Return all the lines below exactly as written. Drop every picture.
*** Opening Dataset content ***
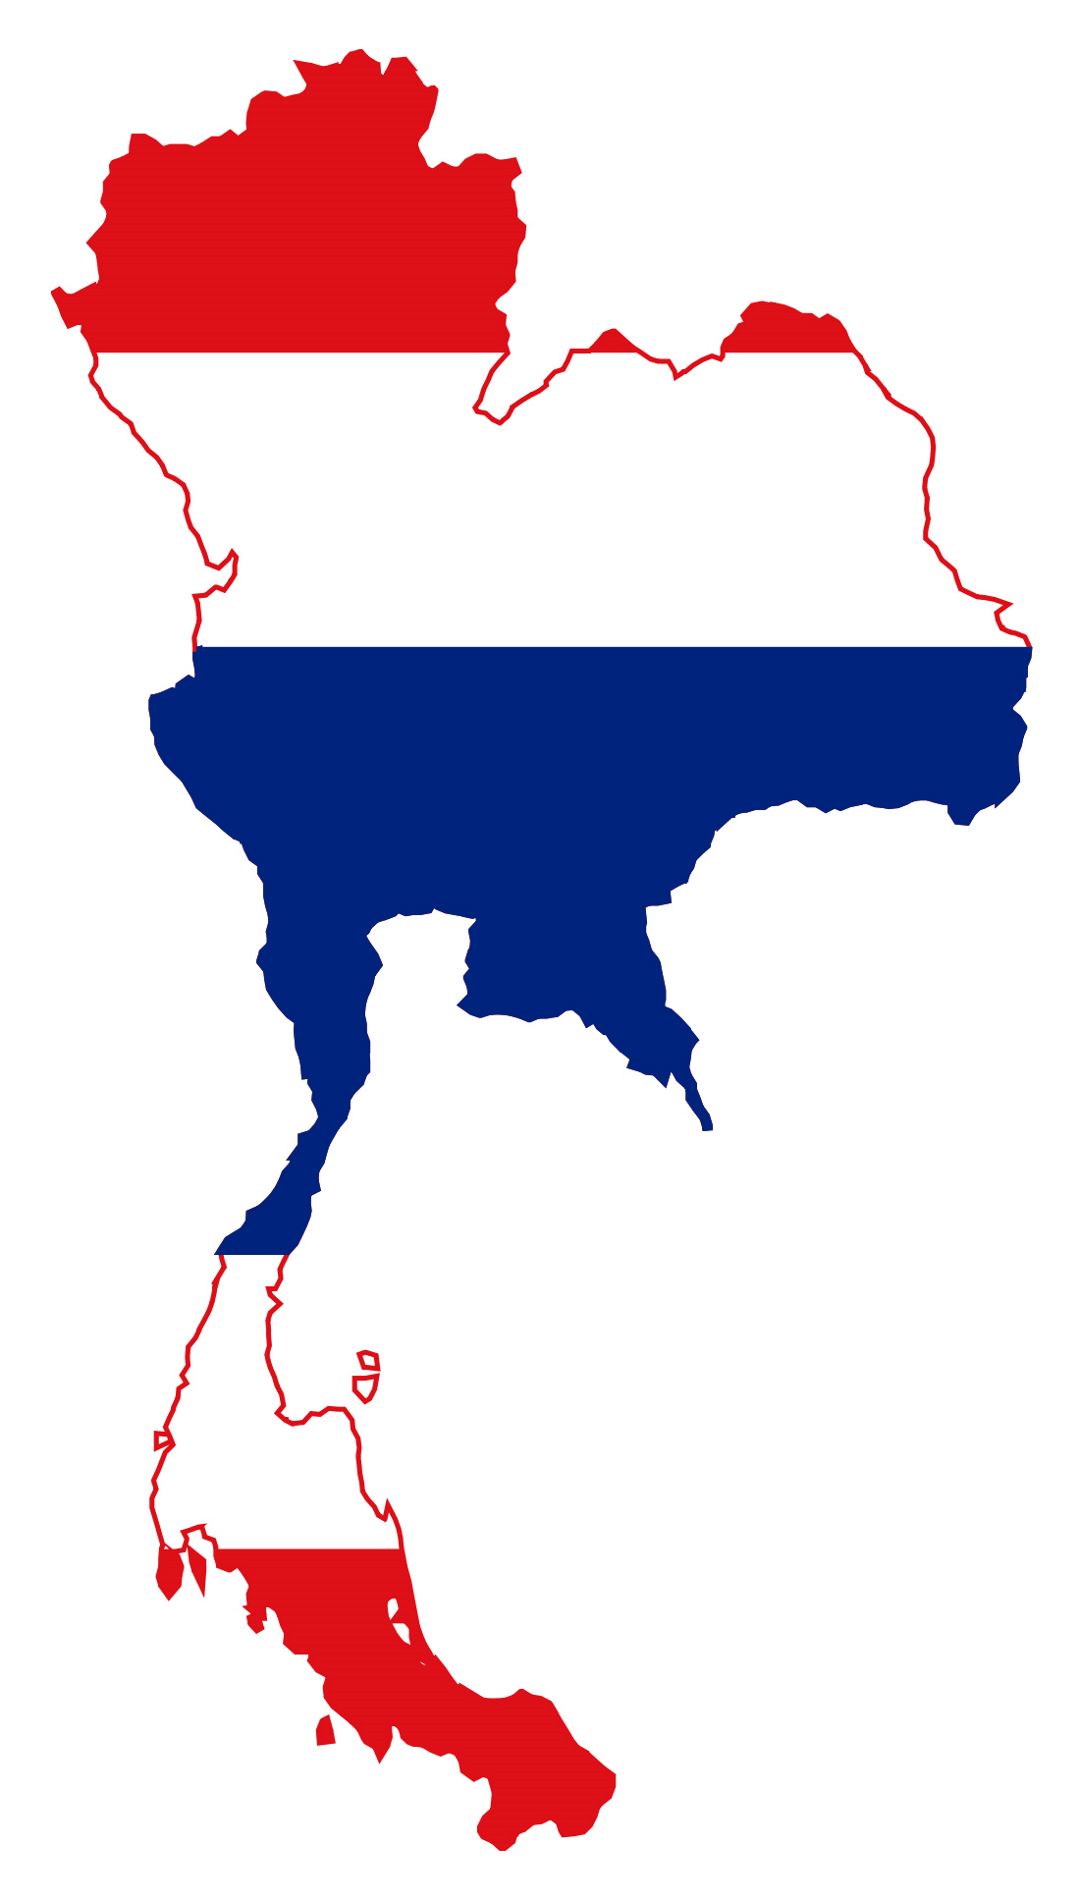 Detallado mapa de bandera de Tailandia
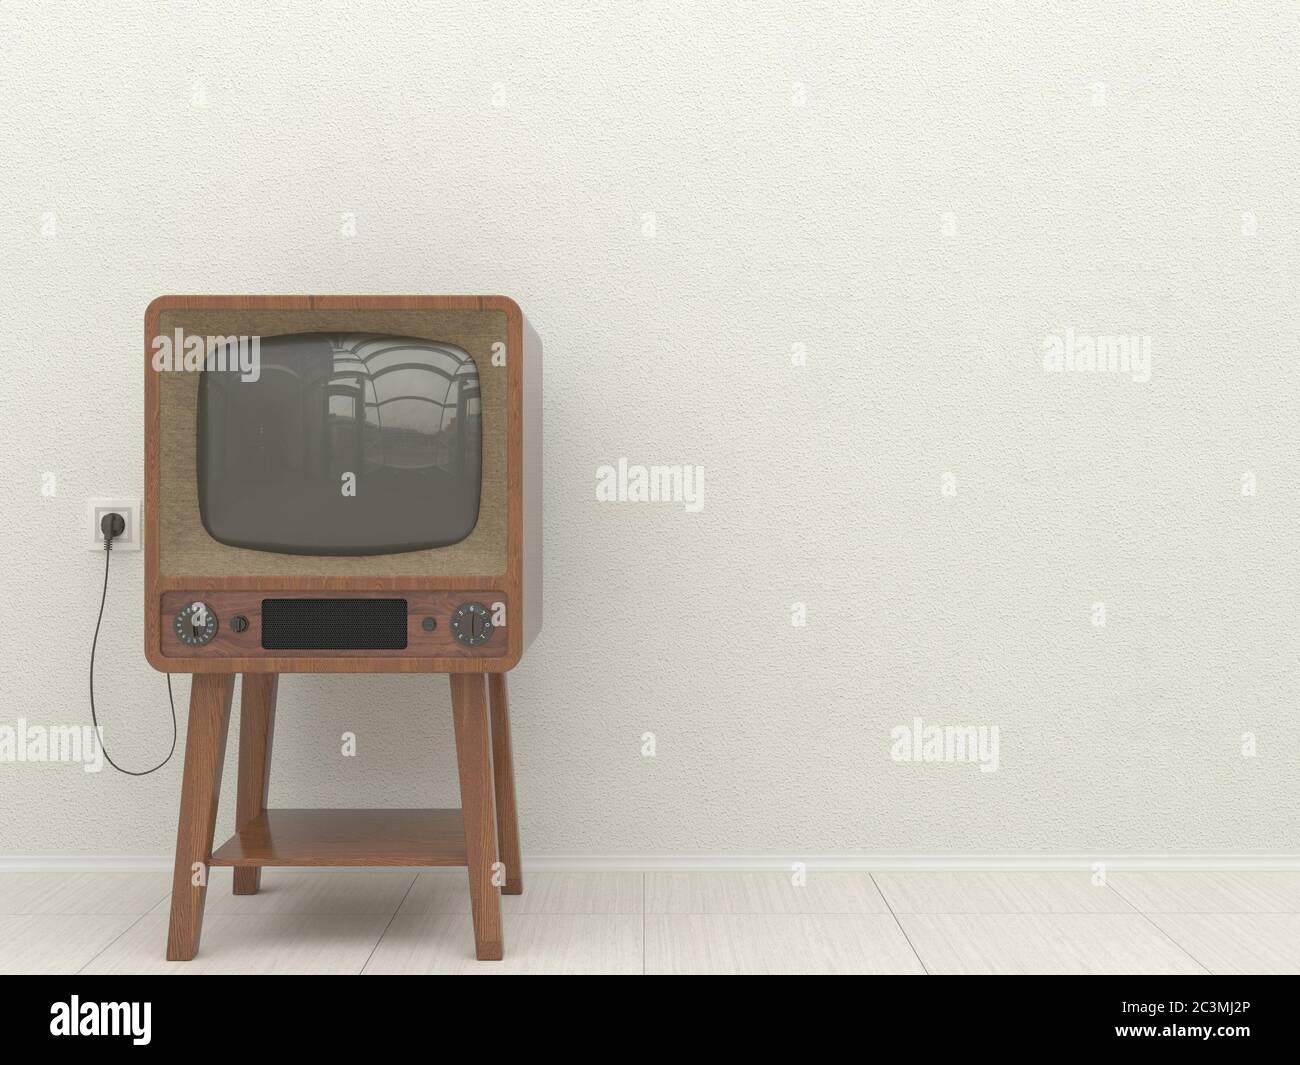 Vieux téléviseur rétro à l'intérieur d'un salon sur un fond de mur blanc en plâtré. Copier l'espace. Illustration 3D. Banque D'Images
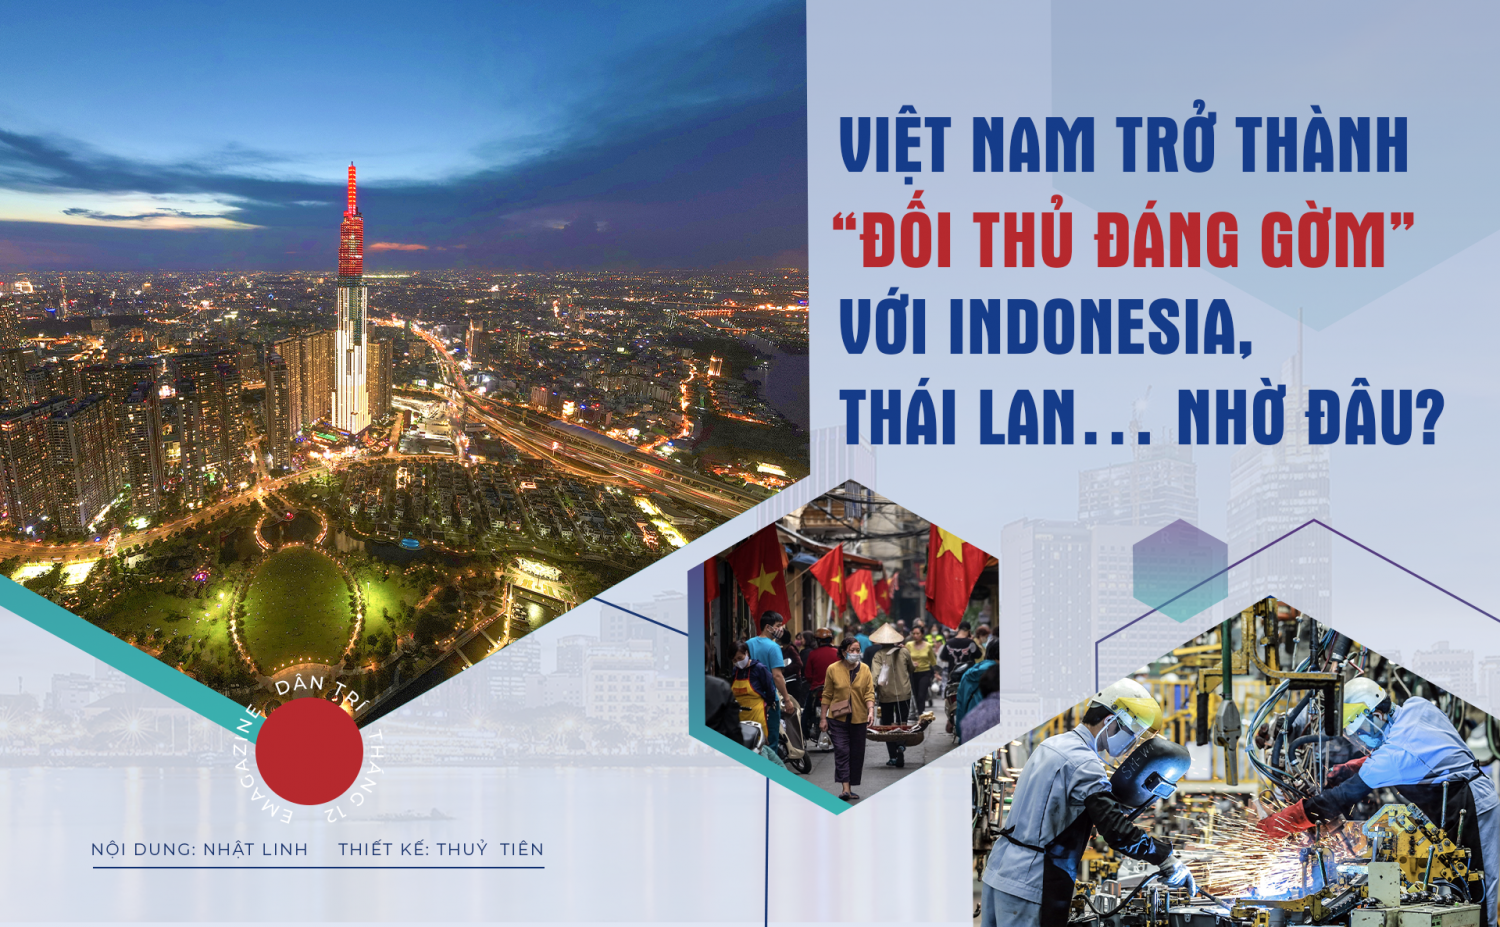 Bao giờ kinh tế Việt Nam vượt Thái Lan và Indonesia?
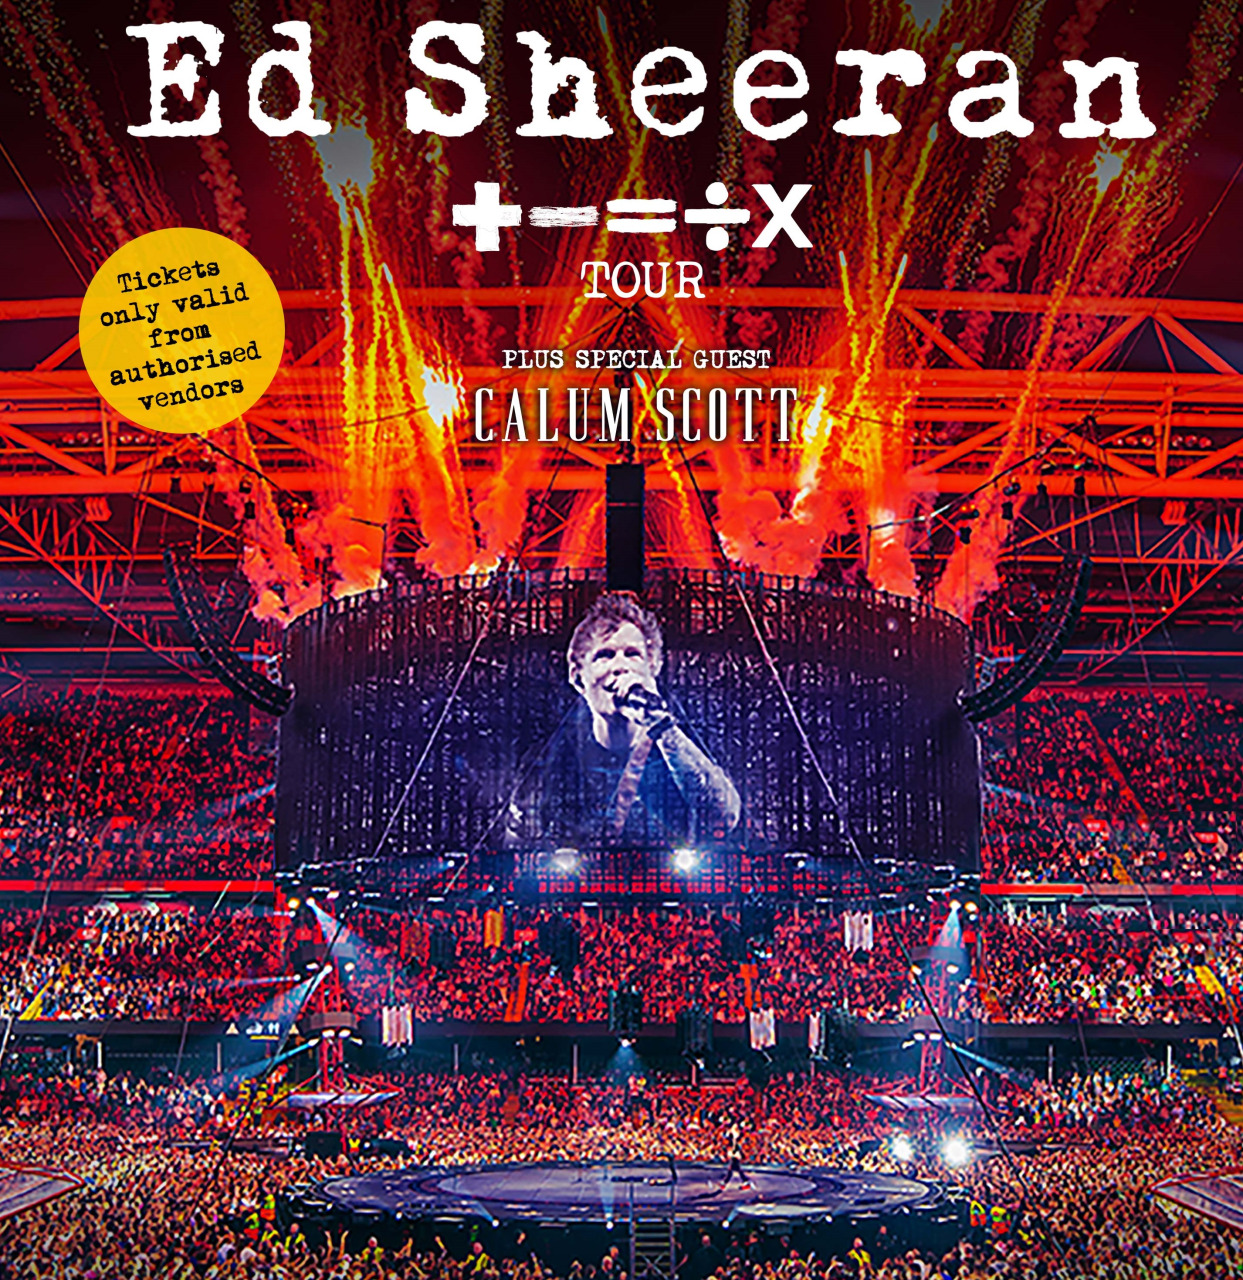 艾德西兰宣布将于明年2月24日带着《Ed Sheeran: + - = ÷ x Tour》大马开唱。
*** Closing Dataset content ***
Result of the task:
 Detallado mapa de bandera de Tailandia
 Vieux téléviseur rétro à l'intérieur d'un salon sur un fond de mur blanc en plâtré. Copier l'espace. Illustration 3D. Banque D'Images
 Bao giờ kinh tế Việt Nam vượt Thái Lan và Indonesia?
 艾德西兰宣布将于明年2月24日带着《Ed Sheeran: + - = ÷ x Tour》大马开唱。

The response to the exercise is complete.